Different takes on environmental topics may reflect differing takes on more fundamental environmental ideas. Below are a few of the EcoTypes axes related to this topic; these and other axes contribute to the larger theme-based patterns summarized above.
Food relates in obvious ways to the EcoTypes Nature axis: think of labeling on breakfast cereal or a host of other products where “natural” is prominently featured. The problem, as many know, is that “natural foods” are ubiquitous but unregulated: so, what does nature/natural imply in this context? Arguably, the assumption is typically one of pure (vs. hybrid) Nature.
The EcoTypes Spatial Scale axis represents one central debate in the context of food: distance. The local food movement arose to such prominence that the word locavore became the Oxford Word of the Year for 2007. But others have argued that global-scale food production is actually more efficient.
Google food and spirituality, and the results (167 million as of recent searches) will suggest that food is far more than material sustenance to many people. Yet the label on the back of packaged food is entirely limited to the latter, as are typical government nutrition guides. The EcoTypes Spirituality axis addresses the tension between these sacred vs. secular approaches.
Similar to the axes above, the Technology axis represents an important tension (summarized in the axis as phobic vs. philic) in how people approach food. Much like the Nature axis and its connection to an emphasis on food as pure, many people think of technology (e.g., use of genetically modified organisms) as an undesirable adulterant of food, something to be minimized; but, clearly, technology is central to food production, distribution, and preparation.
Take Sides
Take sides on this topic!
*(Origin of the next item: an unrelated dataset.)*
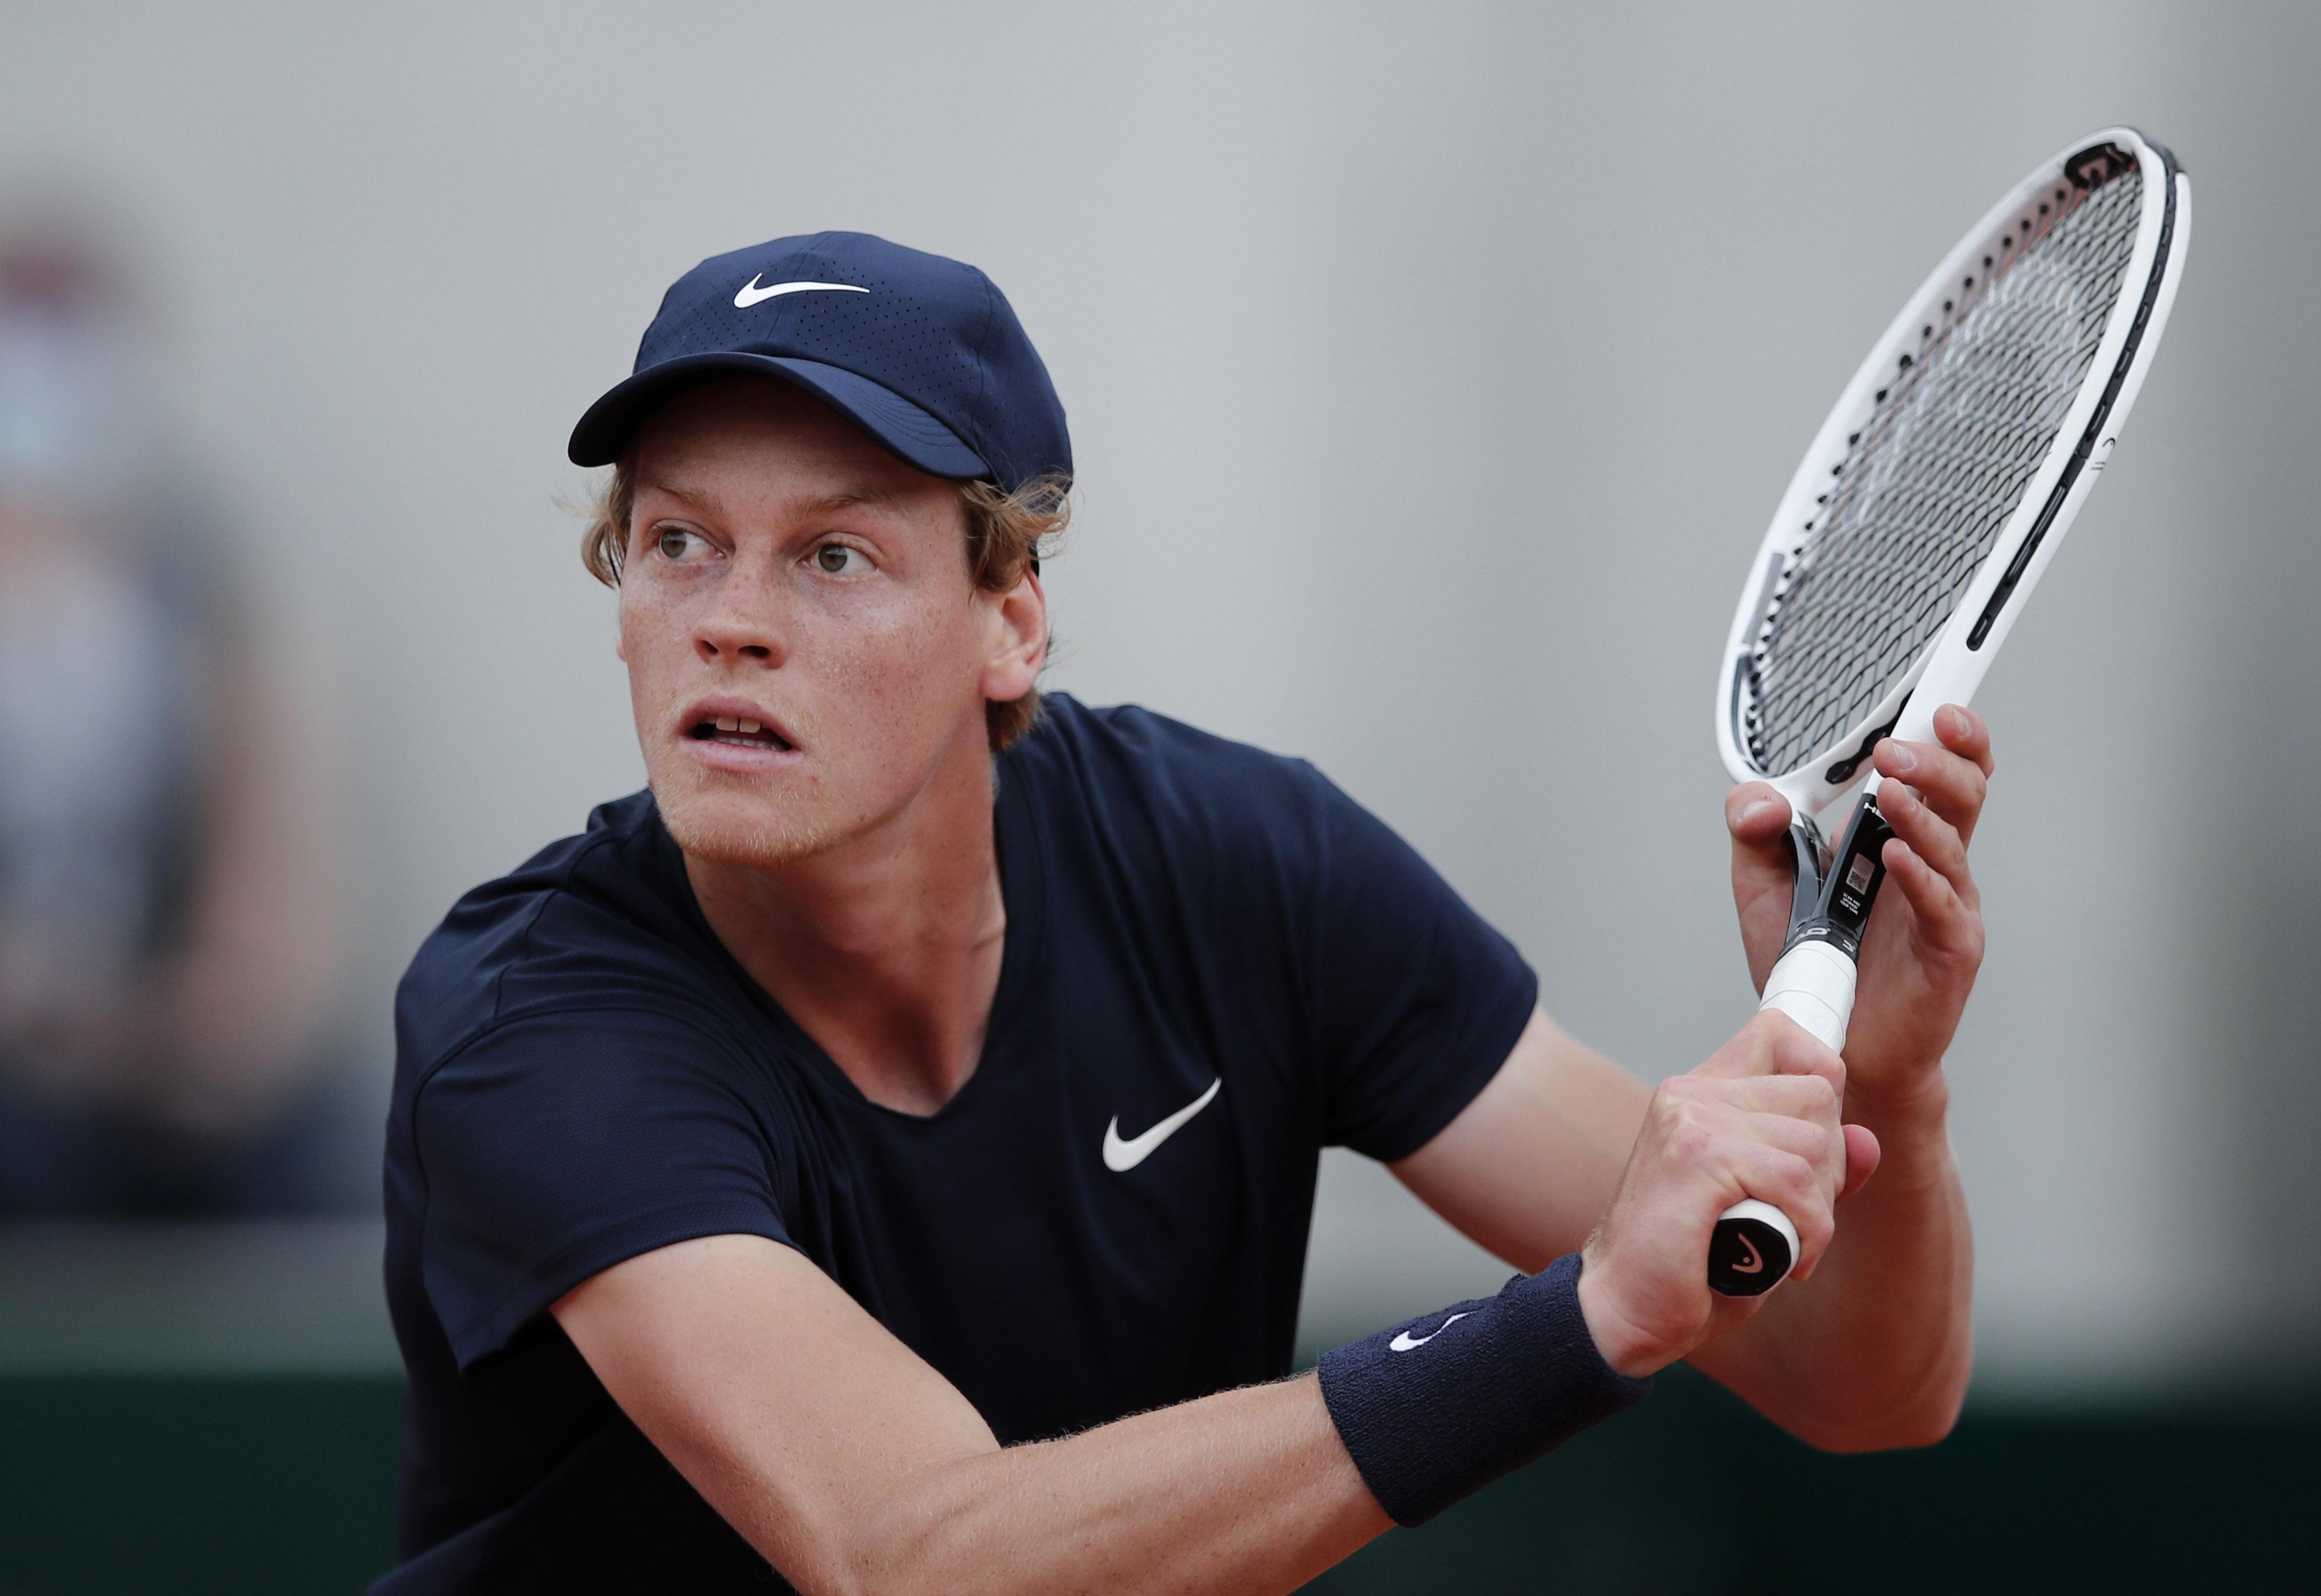 Queen's Open 2021: Jannik Sinner vs. Jack Draper Tennis Pick and Prediction

It’s best if you are randomly assigned to a side, or pick a side you disagree with, as the point here is to try on a different approach than you may have, and to consider how differing takes on EcoTypes axes and themes may result in differing positions on environmental topics.
Following this tab are three positions—by no means comprehensive, but this gets us beyond the back-and-forth of a pro/con two-position debate. The first position is the default one, in some ways supporting what those interested in environmental issues have learned as the best way to approach this topic. Then there are two more positions that challenge this default position and/or each other. In each case you’ll find some details to get you started, and guidance on how each position may relate to EcoTypes axes and themes (do review the general material above, and feel free to explore other connections not noted here). The last tab lists all publications cited in the position summaries.
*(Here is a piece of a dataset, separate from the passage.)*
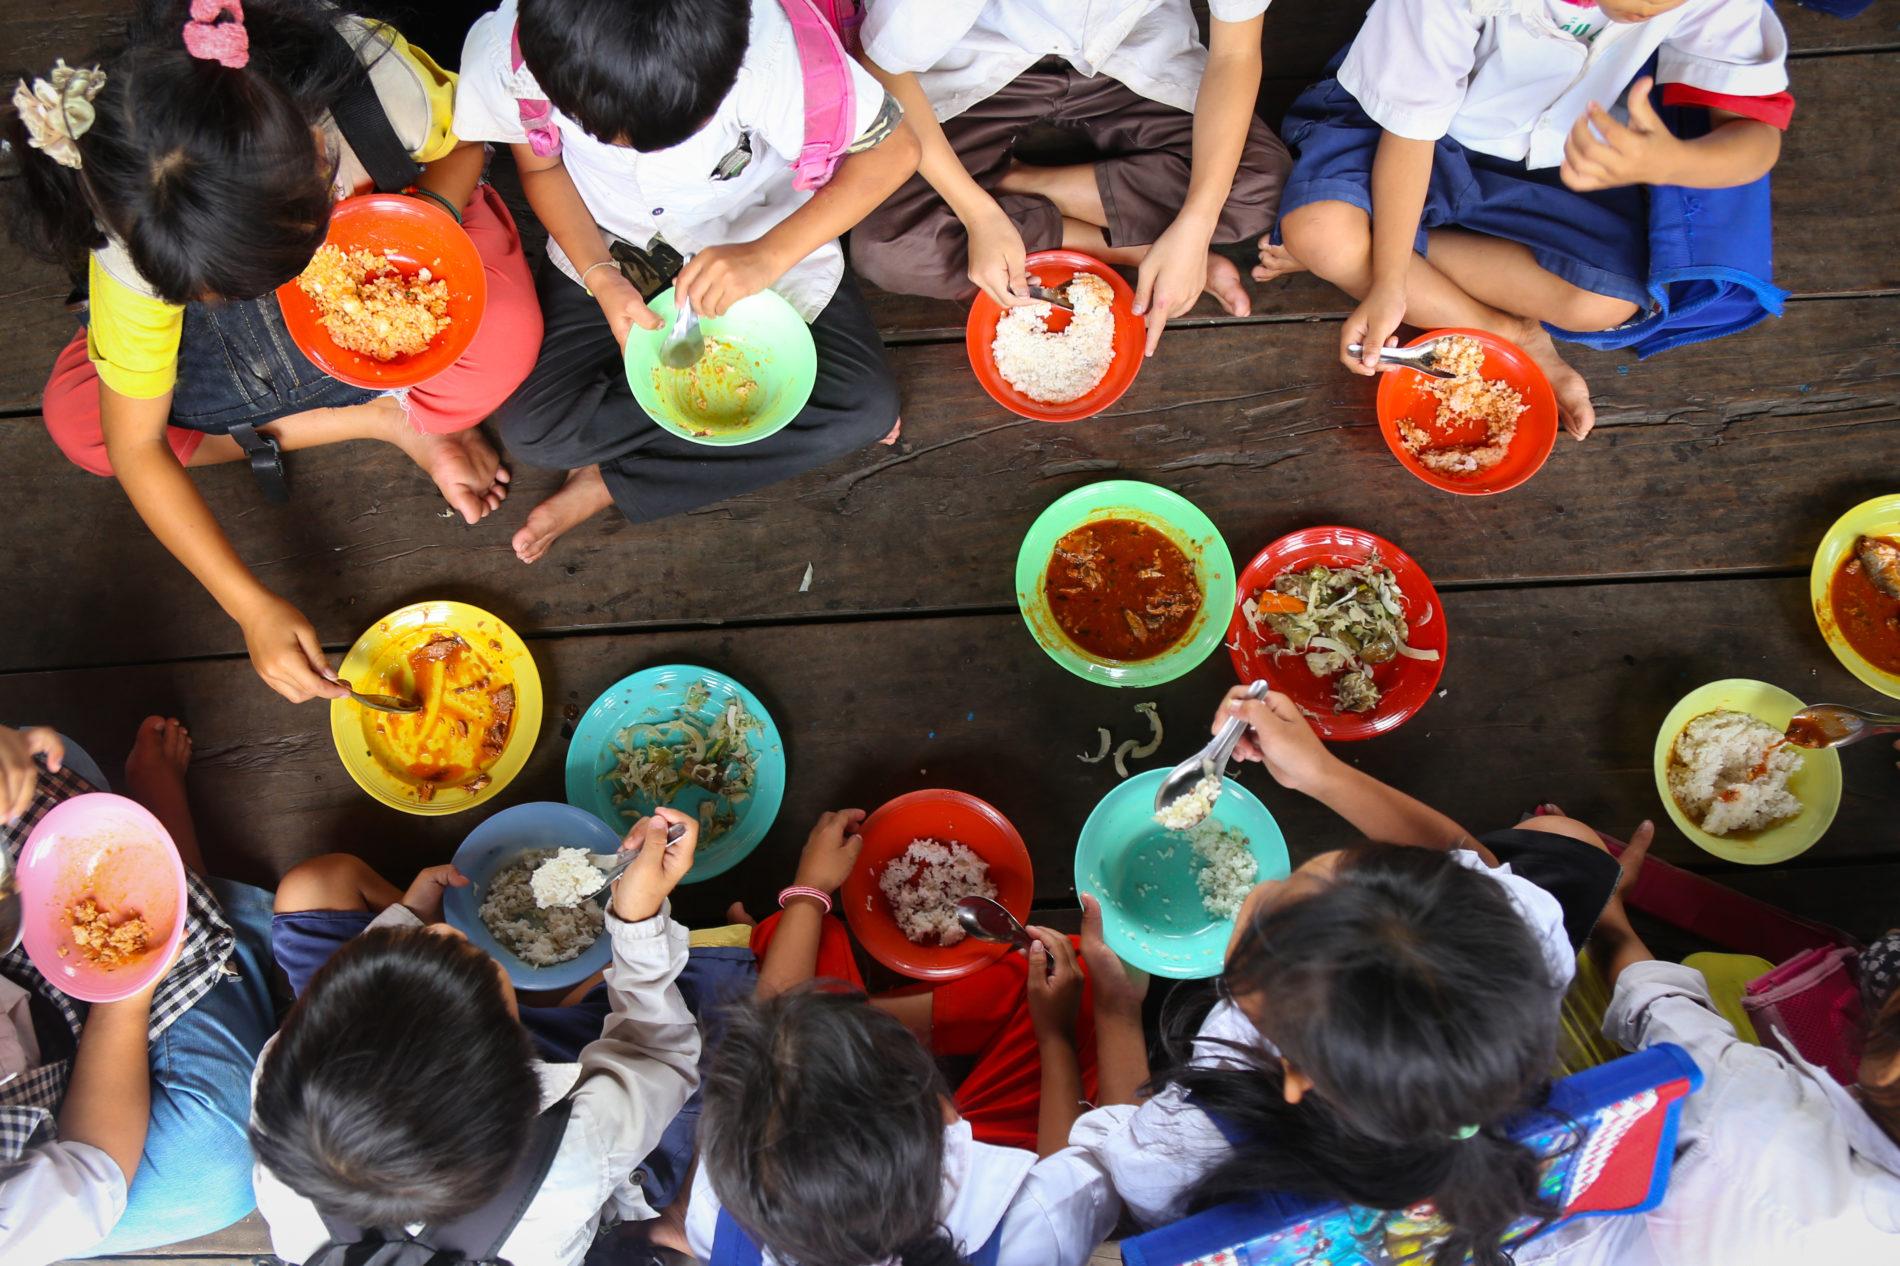 Herbalife Nutrition destina US$ 2 millones para ayudar en la lucha contra el hambre mundial

You could approach these three positions as a traditional debate, with each side attempting to win. Or, you could approach these three positions as starting points for environmental engagement around their creative tensions, hopefully to get to deeper, more meaningful, possibly complementary disagreement.
Have fun! Remember to fully try on your position, whether or not you personally agree with it. It is easy to say “Each has a point,” and indeed each position presented here is worth serious consideration. But as you’ll discover there are important differences, and you have the opportunity and responsibility to make up your own mind in light of these differences.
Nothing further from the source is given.